WORK ORDER:
Transcribe word for word the lines below from the line with "NPS Mobile Cafeteria" through the line with "Windows Red By Pricop", ends included.

EXCERPTED RECORDS:
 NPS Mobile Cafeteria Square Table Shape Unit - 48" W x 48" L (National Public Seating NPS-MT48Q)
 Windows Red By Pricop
...
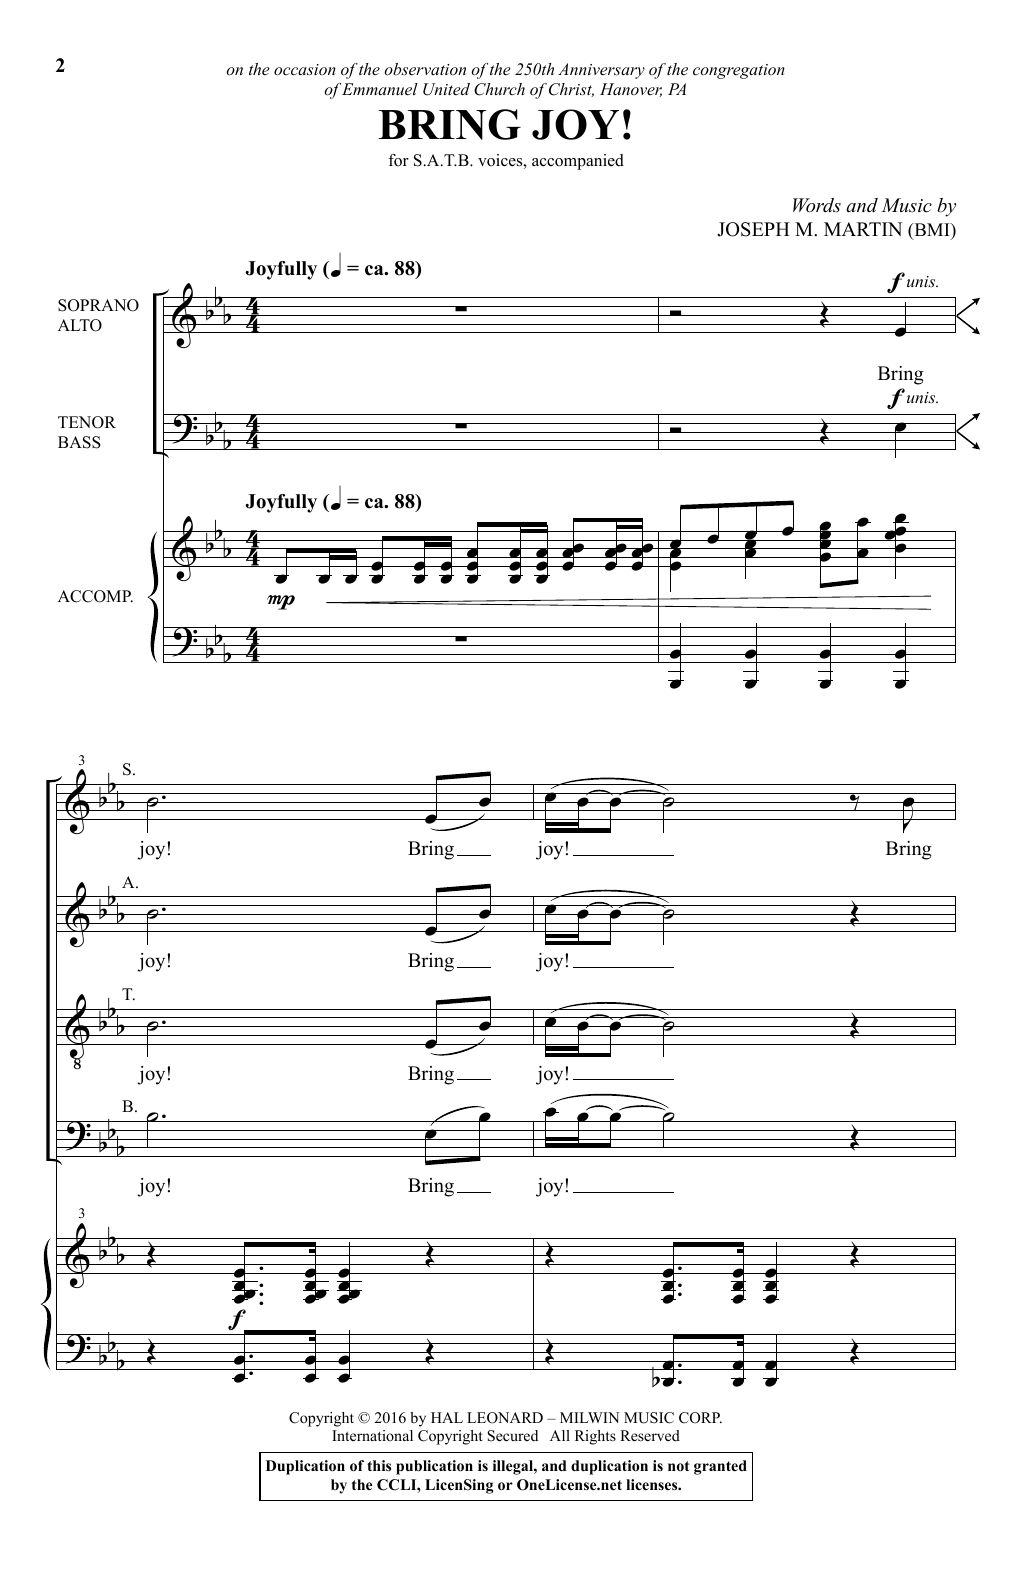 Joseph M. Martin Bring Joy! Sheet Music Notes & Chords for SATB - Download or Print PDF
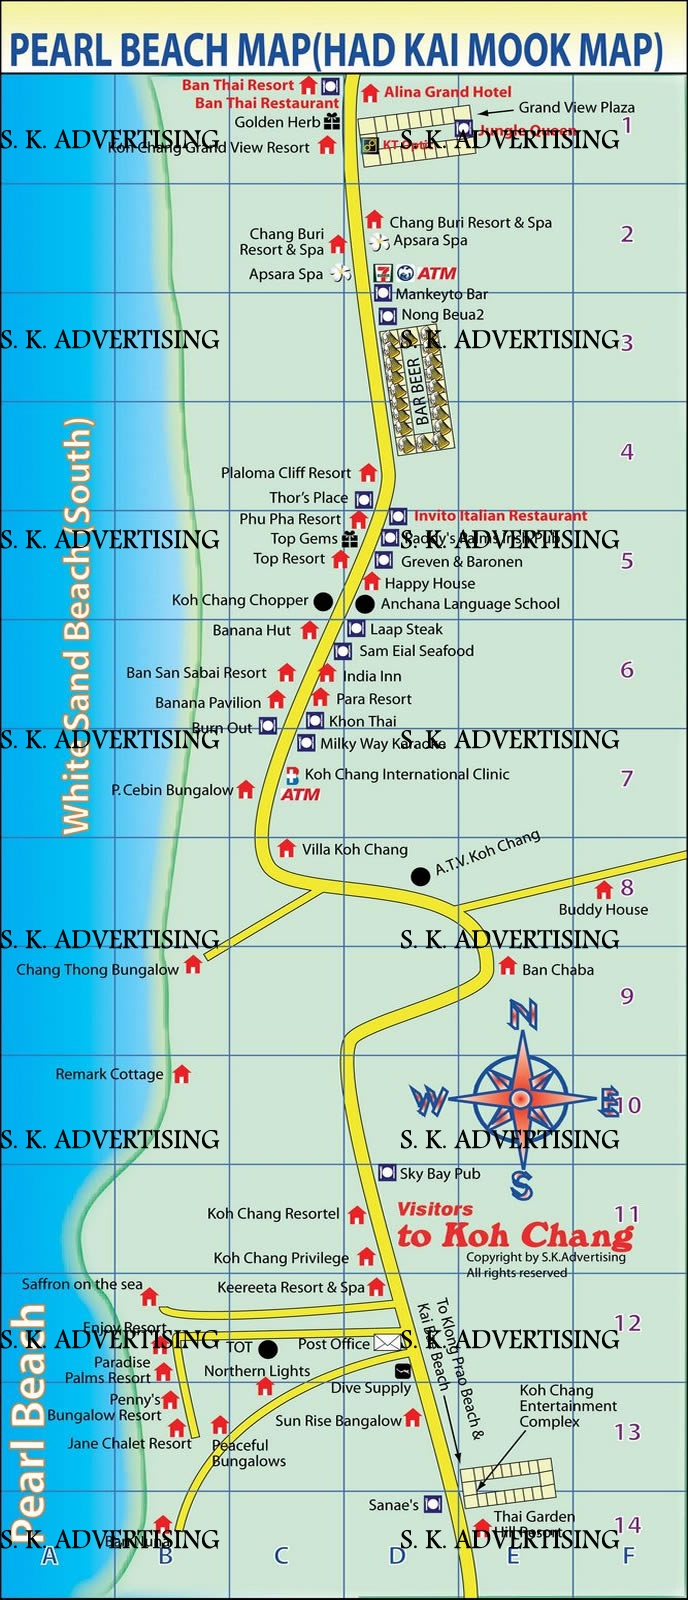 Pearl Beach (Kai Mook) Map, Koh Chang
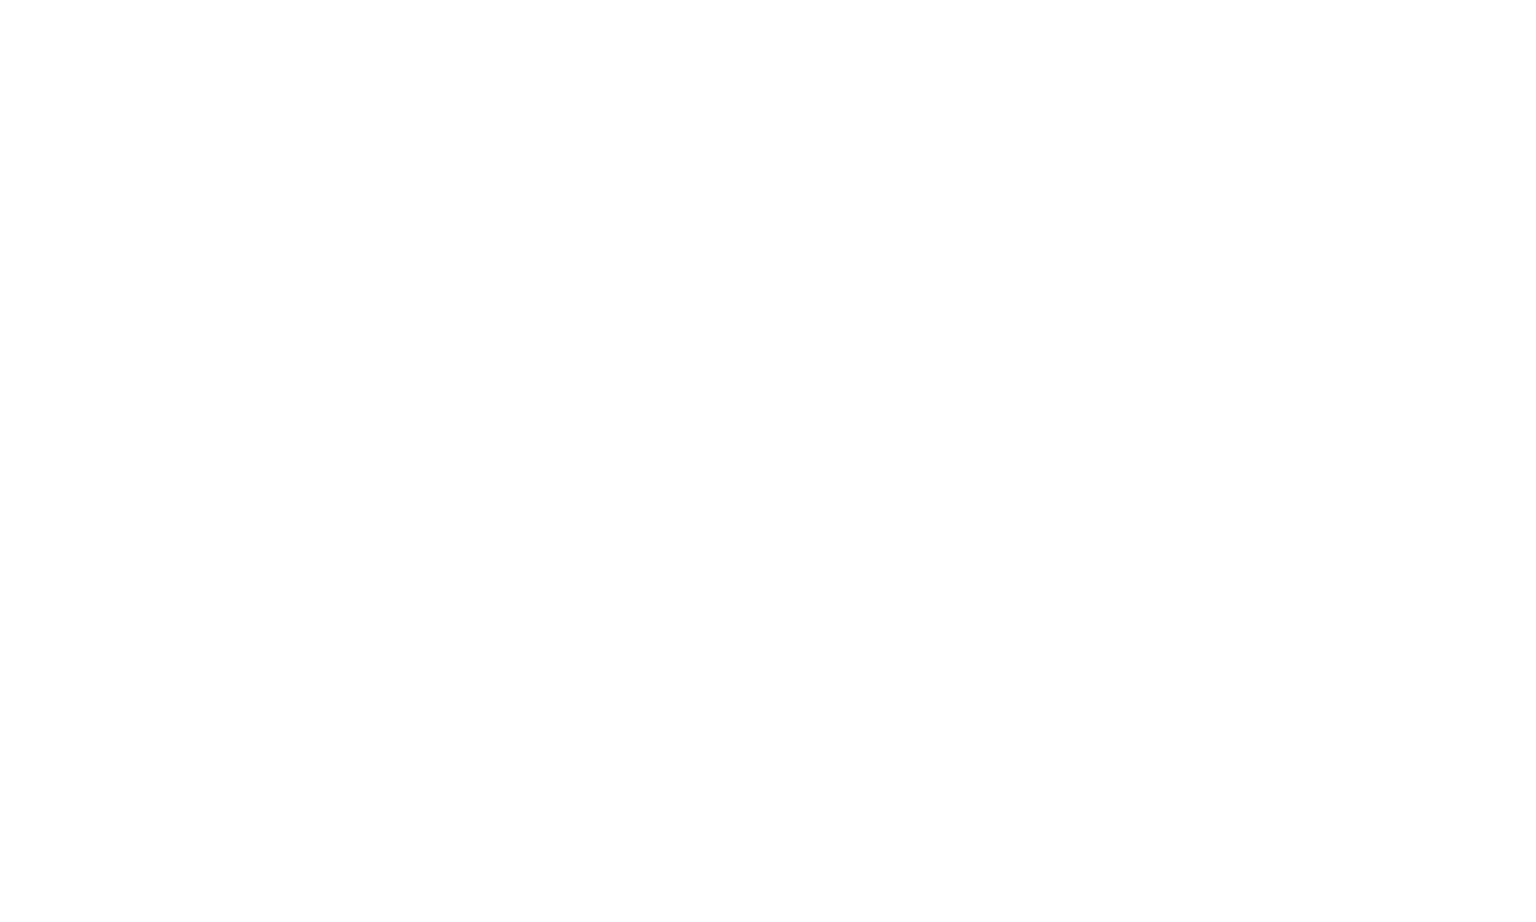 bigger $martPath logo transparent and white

COMPLETED TASK:
 NPS Mobile Cafeteria Square Table Shape Unit - 48" W x 48" L (National Public Seating NPS-MT48Q)
 Windows Red By Pricop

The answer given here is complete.